Have we crossed the Rubicon in how we deal with probabilistic reasoning?

In his textbook, Terrence L. Fine has written that: Probabilistic reasoning is a complex of approaches to navigating in the wide variety of realms of chance, random, uncertainty, and nondeterministic phenomena.  This complex ranges from the informal, intuitive, qualitative reasoning of everyday life (e.g. "I'll probably see you tomorrow") to the formal, quantitative reasoning that underlies much of engineering applications (e.g. "The probability that the next transmitted bit will be in error is .0001").  Our focus will be on a formal presentation of quantitative probability, a form of probabilistic reasoning that has been vigorously explored in this past century.

Having trudged up the slope to reach his class at 8:40 in the morning during the spring semester of 2002 and been a group tutor for it in 2004, I was well aware of Prof. Fine's view of and pedagogical style with quantitative probability -- a style not well received by some.  I did not know much about how he views the other parts of the complex of approaches of probabilistic reasoning, but I had the chance to learn when he visited LIDS last week

The case Prof. Fine presented during the LIDS colloquium was that noblemen and their dice need not be the only foundation for probability.  Converting everything to a single real number in the interval zero to one is not the only option.  There are things like comparative probability, upper and lower probabilities, and interval-valued probability that may be a better fit depending on what you're doing. 

The colloquium talk was followed up the next day by a talk entitled "Computationally-based Agnostic Induction" featuring some recent ideas.  The idea is to come up with the degree of inductive support for hypotheses from evidence, denoted h|e.  In standard, quantitative probability, this amounts to application of the Bayes theorem to obtain p(h|e). 

Instead, what was proposed was to think of evidence and hypotheses in terms of a formal language such that the evidence can be expressed as a binary sequence and hypotheses can also be expressed as binary sequences. 

Simple things have short sequences.  As an example, let us say that I flipped a coin today in the Stata Center and it came up heads.  Let us also say that I cannot observe the result directly and only know that it either landed on its edge or came up heads.  Two possible explanations for this evidence are: (1) the coin never lands on its edge, it is random whether it comes up heads or tails, and on this instance it happened to come up heads; and (2) on days that two of the following three people: the Dalai Lama, Prof. Fine, and Andrey Kolmogorov, are in the same city, my coin flip in the Stata Center comes up heads, if all three are in the same city, it lands on its edge, and otherwise it comes up tails.  Explanation (1) is simpler and requires a shorter description, whereas (2) is more complex and requires a longer description. 

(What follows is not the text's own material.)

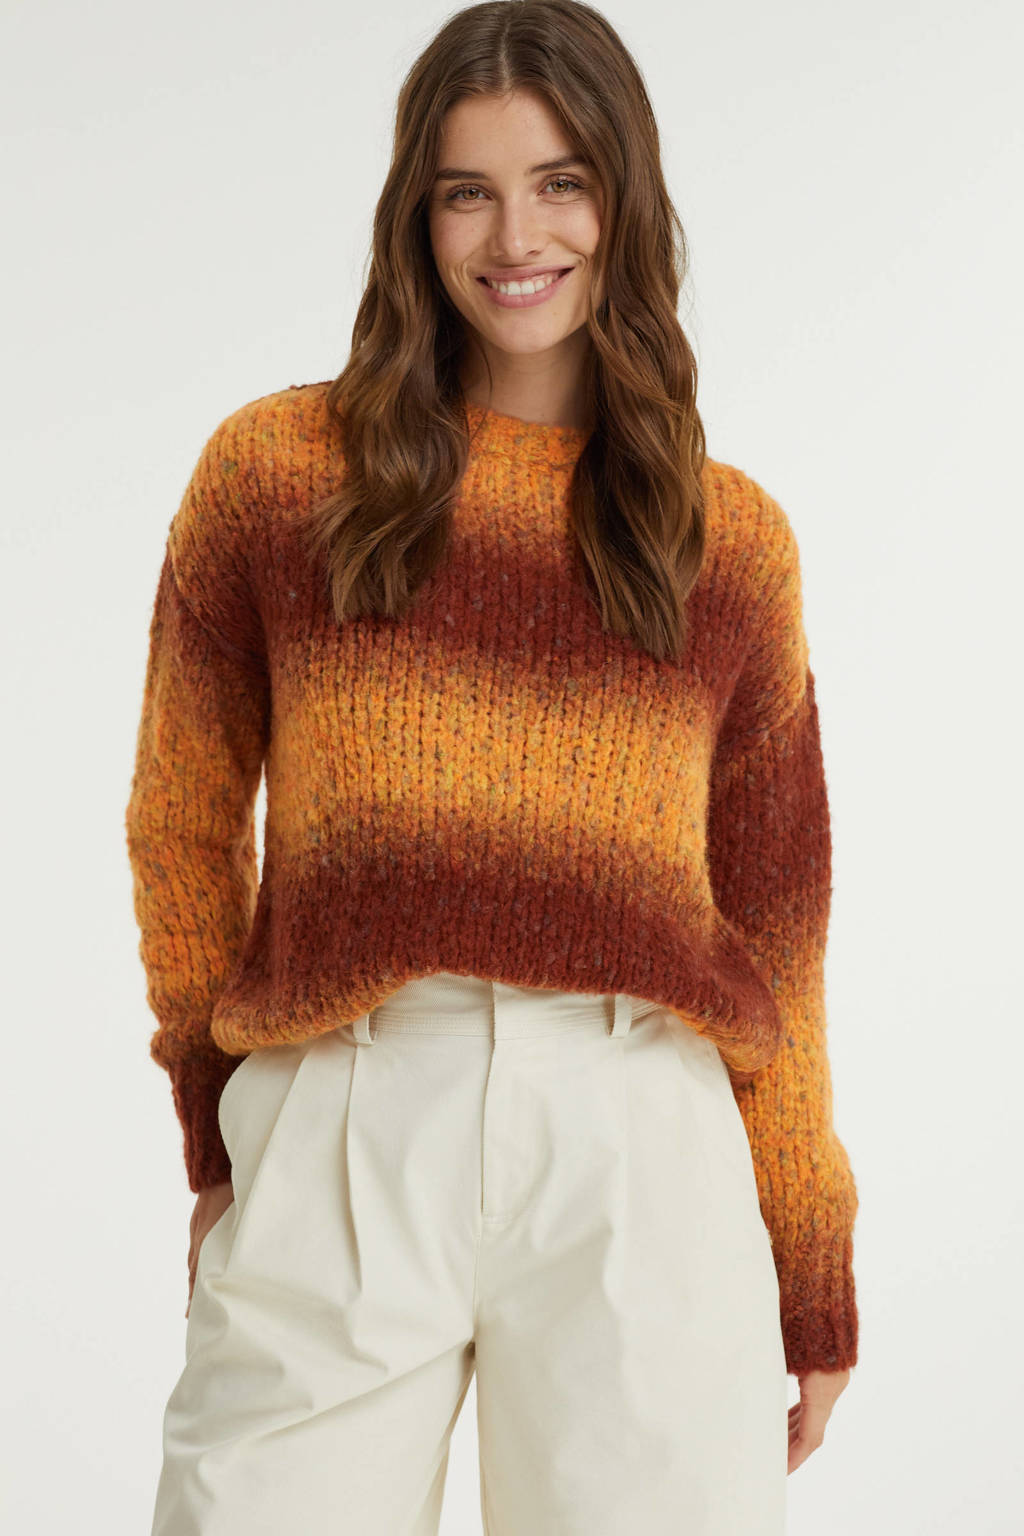 Anna Blue gebreide trui met wol oranje/rood, Oranje/rood

I am not very comfortable with the theory and mathematics of this sort of stuff -- an interested reader should refer to this.  But in any case, the point is that if we go through all possible explanations of evidence and compute the complexity or description length for each of the hypotheses, the short explanations will be 'most likely.'  I put 'most likely' in quotation marks, because what we will really get is a partial ordering of which explanation is shorter than which other explanation.  The computation is done using a Turing machine.  The work is mathematically solid, but beyond my ability to explain fully. 

In his textbook, Fine has also written that: The ancient Greeks struggled to develop a notion of possibility or contingency as opposed to necessity.  For example, a future event ("there will be a naval battle tomorrow") considered today need not necessarily happen or fail to happen.

I had the intuition that going through all of the scenarios, explanations, or programs and performing the computation is like possible worlds semantics.  In semantics, the epistemic reading of a sentence like "John may leave" is true if and only if there exists some world w' compatible with the evidence in our world w in which John leaves.  The extension here is to also look at the complexity of w'.  According to Prof. Fine, however, the intuition is not quite right. 

This entire inquiry, reconsidering the foundations of probability, is quite philosophical.  I didn't appreciate everything in the two talks, but what I did get was that although some may consider the die for standard, quantitative probability to have been cast, that is not the only opinion. 

August 21, 2007

Cheminformatics

A few days ago, my officemate and I were talking about how our respective summers went.  (She was out in Berkeley for a good chunk of it.)  I think that the general consensus among grad students about the summer is that yeah, you did do stuff, but you think you could have done more.  I had a similar discussion with one of my roommates Lee-Ping, a graduate student in chemistry.  He was saying that he did make progress on research, but didn't do enough to have something for the American Chemical Society national meeting that is here in Boston this year.  He didn't register for it either, but was thinking of possibly sneaking in.

Yesterday, LIDS students had the opportunity to hear about some chemistry without sneaking into the ACS meeting.  Shaillay Kumar Dogra, from Strand Life Sciences, spoke during a special LIDS seminar about cheminformatics. 

Potential pharmaceutical chemicals have two requirements: that they be biologically effective and that they have good absorption, distribution, metabolism, and excretion (ADME) properties.  Testing for ADME properties through experiments is costly and tedious, so if it could be done through cheaper and faster means, that would be good. 

The main idea of cheminformatics is that given experimental data about a property such as permeability through the intestine for a large database of molecules, model the property through machine learning techniques so that when presented with a new molecule not in the database, the property value for it can be estimated without running the actual experiment. 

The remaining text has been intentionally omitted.